A jednak! Piotr Wlazło zdecydował się podpisać nowy kontrakt z Wisłą Płock. Od teraz umowa 27-letniego pomocnika będzie obowiązywać do 30 czerwca 2020 roku i tym samym na nic zdało się zainteresowanie między innymi wicelidera greckiej Super League – Panioniosu Ateny.

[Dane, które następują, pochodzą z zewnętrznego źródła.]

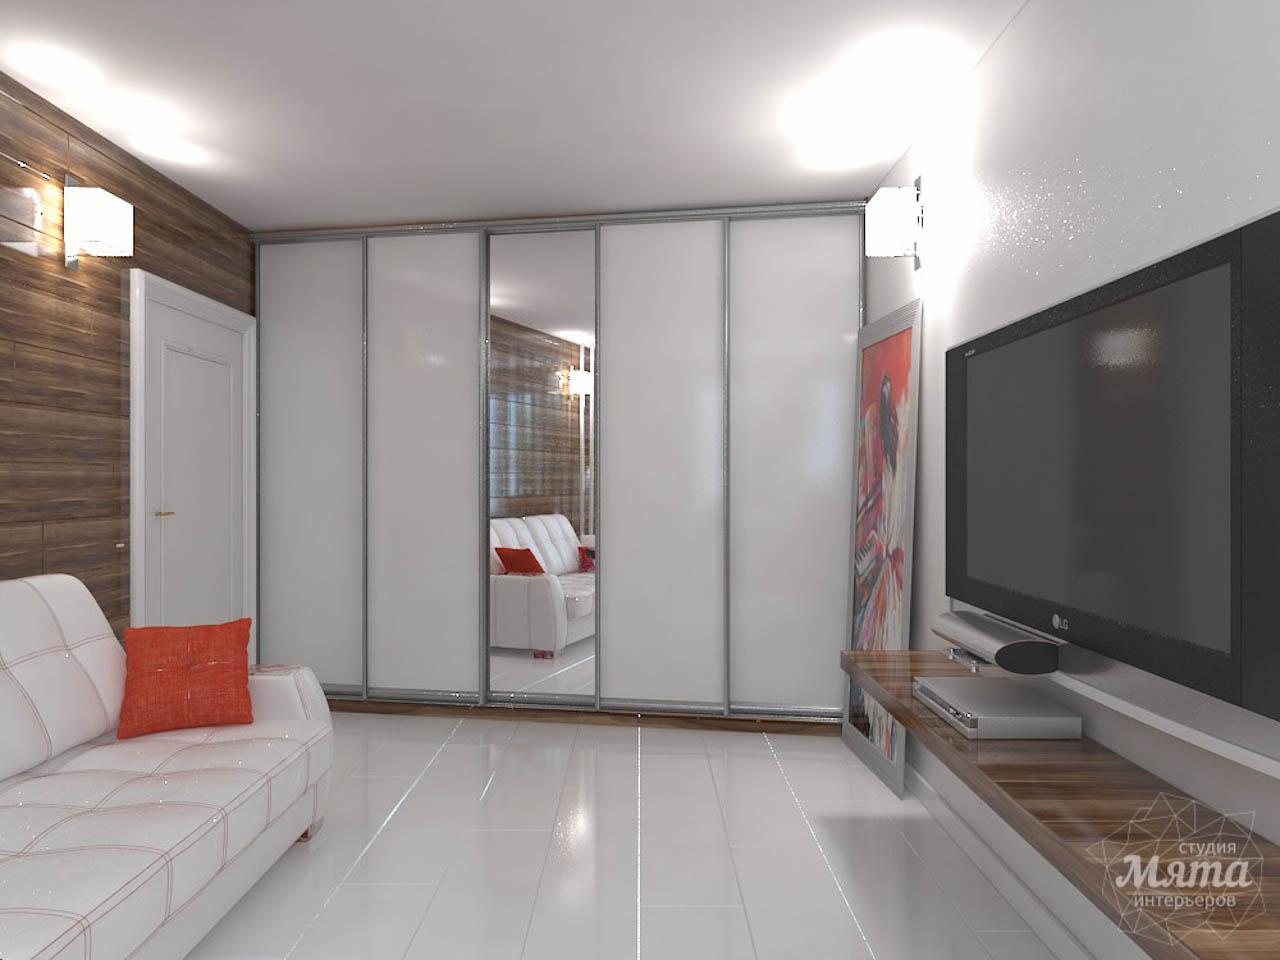 Дизайн интерьера однокомнатной квартиры в стиле минимализм по ул. Чапаева 30 img1773126341

Po długich rozmowach i negocjacjach cieszę sie ze zostaje z nami na dłużej ⚽️✌?️Dobra decyzja chłopie ??@WislaPlockSA @TransfersESA
— Łukasz Masłowski (@Maslo1981) 27 stycznia 2017
Skończyło się więc na chwilowym strachu i braku potrzeby rozpoczęcia gorączkowych poszukiwań nowego środkowego pomocnika, choć nie ma co ukrywać, że ktoś czwarty by się przydał. Jednym z kandydatów do obsadzenia tej pozycji był Lasza Parunaszwili, ale jak udało mi się dowiedzieć – temat upadł. Wszystko wskazuje na to, że środek pola nie będzie wzmacniany w tym okienku.
Wlazło w ostatnim czasie nie był jednak jedynym piłkarzem, z którym Nafciarze negocjowali nowe umowy. W tym samym czasie prowadzono rozmowy z Giorgim Merebaszwilim (w gruzińskich mediach pojawiły się spekulacje łączące go z Lechią Gdańsk) oraz Damianem Byrtkiem (chętnie widziałaby go u siebie Arka Gdynia). Zawodnicy otrzymali propozycję przedłużenia kontraktów. Negocjacje trwają.